> **Task requirements**
A faithful, complete copy of the entries is the sole expected answer.

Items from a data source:

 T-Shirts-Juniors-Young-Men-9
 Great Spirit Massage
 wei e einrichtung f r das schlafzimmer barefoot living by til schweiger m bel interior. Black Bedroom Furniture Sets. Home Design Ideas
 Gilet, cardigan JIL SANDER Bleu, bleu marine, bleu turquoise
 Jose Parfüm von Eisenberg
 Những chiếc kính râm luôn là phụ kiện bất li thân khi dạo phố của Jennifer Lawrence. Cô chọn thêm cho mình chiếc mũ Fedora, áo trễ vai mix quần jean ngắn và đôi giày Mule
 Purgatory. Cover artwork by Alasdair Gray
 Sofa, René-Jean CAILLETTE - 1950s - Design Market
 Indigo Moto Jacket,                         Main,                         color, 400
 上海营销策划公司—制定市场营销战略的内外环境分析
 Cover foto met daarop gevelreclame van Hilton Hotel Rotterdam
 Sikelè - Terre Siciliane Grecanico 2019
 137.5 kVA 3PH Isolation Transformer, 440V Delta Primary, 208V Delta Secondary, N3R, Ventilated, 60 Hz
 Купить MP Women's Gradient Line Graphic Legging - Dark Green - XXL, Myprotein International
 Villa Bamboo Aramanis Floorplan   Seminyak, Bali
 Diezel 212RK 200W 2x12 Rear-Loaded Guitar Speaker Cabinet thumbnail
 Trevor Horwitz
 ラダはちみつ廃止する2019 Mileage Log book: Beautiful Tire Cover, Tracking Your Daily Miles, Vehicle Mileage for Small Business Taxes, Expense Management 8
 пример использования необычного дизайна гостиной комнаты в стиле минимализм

> **Answer**
 T-Shirts-Juniors-Young-Men-9
 Great Spirit Massage
 wei e einrichtung f r das schlafzimmer barefoot living by til schweiger m bel interior. Black Bedroom Furniture Sets. Home Design Ideas
 Gilet, cardigan JIL SANDER Bleu, bleu marine, bleu turquoise
 Jose Parfüm von Eisenberg
 Những chiếc kính râm luôn là phụ kiện bất li thân khi dạo phố của Jennifer Lawrence. Cô chọn thêm cho mình chiếc mũ Fedora, áo trễ vai mix quần jean ngắn và đôi giày Mule
 Purgatory. Cover artwork by Alasdair Gray
 Sofa, René-Jean CAILLETTE - 1950s - Design Market
 Indigo Moto Jacket,                         Main,                         color, 400
 上海营销策划公司—制定市场营销战略的内外环境分析
 Cover foto met daarop gevelreclame van Hilton Hotel Rotterdam
 Sikelè - Terre Siciliane Grecanico 2019
 137.5 kVA 3PH Isolation Transformer, 440V Delta Primary, 208V Delta Secondary, N3R, Ventilated, 60 Hz
 Купить MP Women's Gradient Line Graphic Legging - Dark Green - XXL, Myprotein International
 Villa Bamboo Aramanis Floorplan   Seminyak, Bali
 Diezel 212RK 200W 2x12 Rear-Loaded Guitar Speaker Cabinet thumbnail
 Trevor Horwitz
 ラダはちみつ廃止する2019 Mileage Log book: Beautiful Tire Cover, Tracking Your Daily Miles, Vehicle Mileage for Small Business Taxes, Expense Management 8
 пример использования необычного дизайна гостиной комнаты в стиле минимализм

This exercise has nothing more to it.